After that, my mom, dad and I went to a luau. I ran into Jamie, a friend from college who I hadn’t seen since 2000 and we enjoyed a very intimate luau. It was a lot of fun to have so much time with my parents. It isn’t very often we get a chance to vacation with our parents as adults. I have no idea if that will happen again so I enjoyed every moment.



On Friday the wedding got into full swing. We started decorating for the rehearsal dinner which was in front of the “cottage” and the tent went up in front of the big house. Erin, Emily, Kathy and I went to the farmers market and bought all kinds of flowers for the center pieces and the wedding site. Juli did an amazing job with decorating. I was very glad there were people like her around because I’m useless where that is concerned.








The rehearsal was relaxed and fun and there was a live band and BBQ for the rehearsal dinner. It was a true precursor to the fun that was ahead.

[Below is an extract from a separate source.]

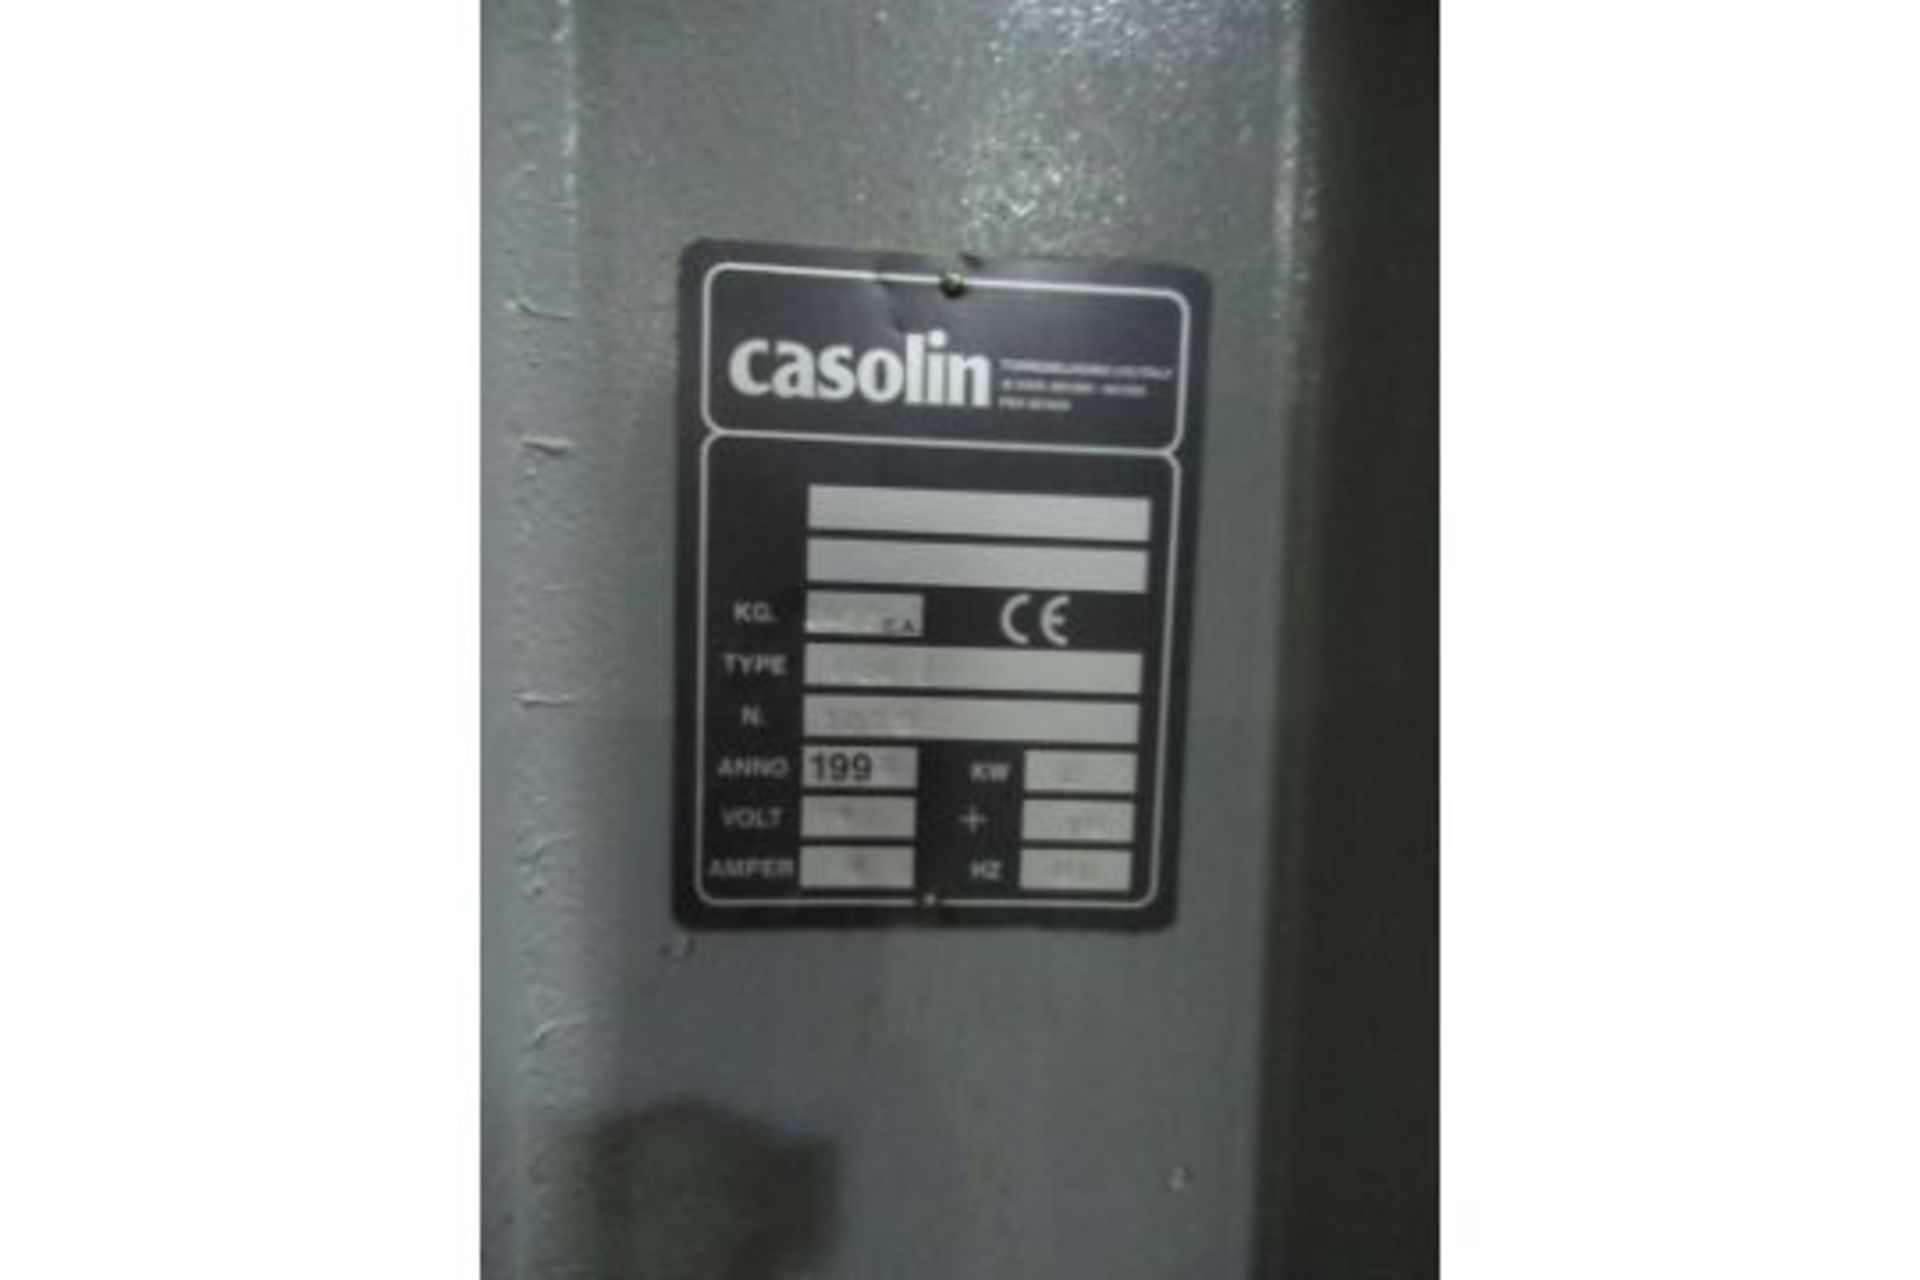 Casolin cold press T6O F - Image 4 of 7

On Saturday morning Emily, Erin and I got up and picked up Mira (the other bridesmaid) from the house where she was staying and then went back to the big house to have a breakfast of tropical fruit and mimosas. The fruit was a lot of fun because much of it none of us had ever tried before. People were buzzing around the house constantly getting things ready and the wedding site looked absolutely beautiful by the time we left to get our hair done.



The ladies at the salon were great. They took apart their potted flower to have flowers to put in our hair and we laughed and enjoyed the time of just sitting and getting ready for the evening.




Saturday night brought the wedding. Erin was of course beautiful and Daniel was thrilled. I don’t think he left her side for more than about two seconds the whole night. We all had a blast and danced until the rules required the DJ to shut down. At one point I looked across the lawn and my mom was dancing to Flo Rida “Low”. I almost wet my pants laughing.






It was a great time and I really couldn’t ask for a better husband for Erin. There haven’t been many men in her life that I approved of so for Daniel to make the grade is saying something. I wish them the best and know God is going to bless their lives together as husband and wife. I’m looking forward to watching them grow as a couple and learn what it is like to be married.

And to think – it all started in Vegas.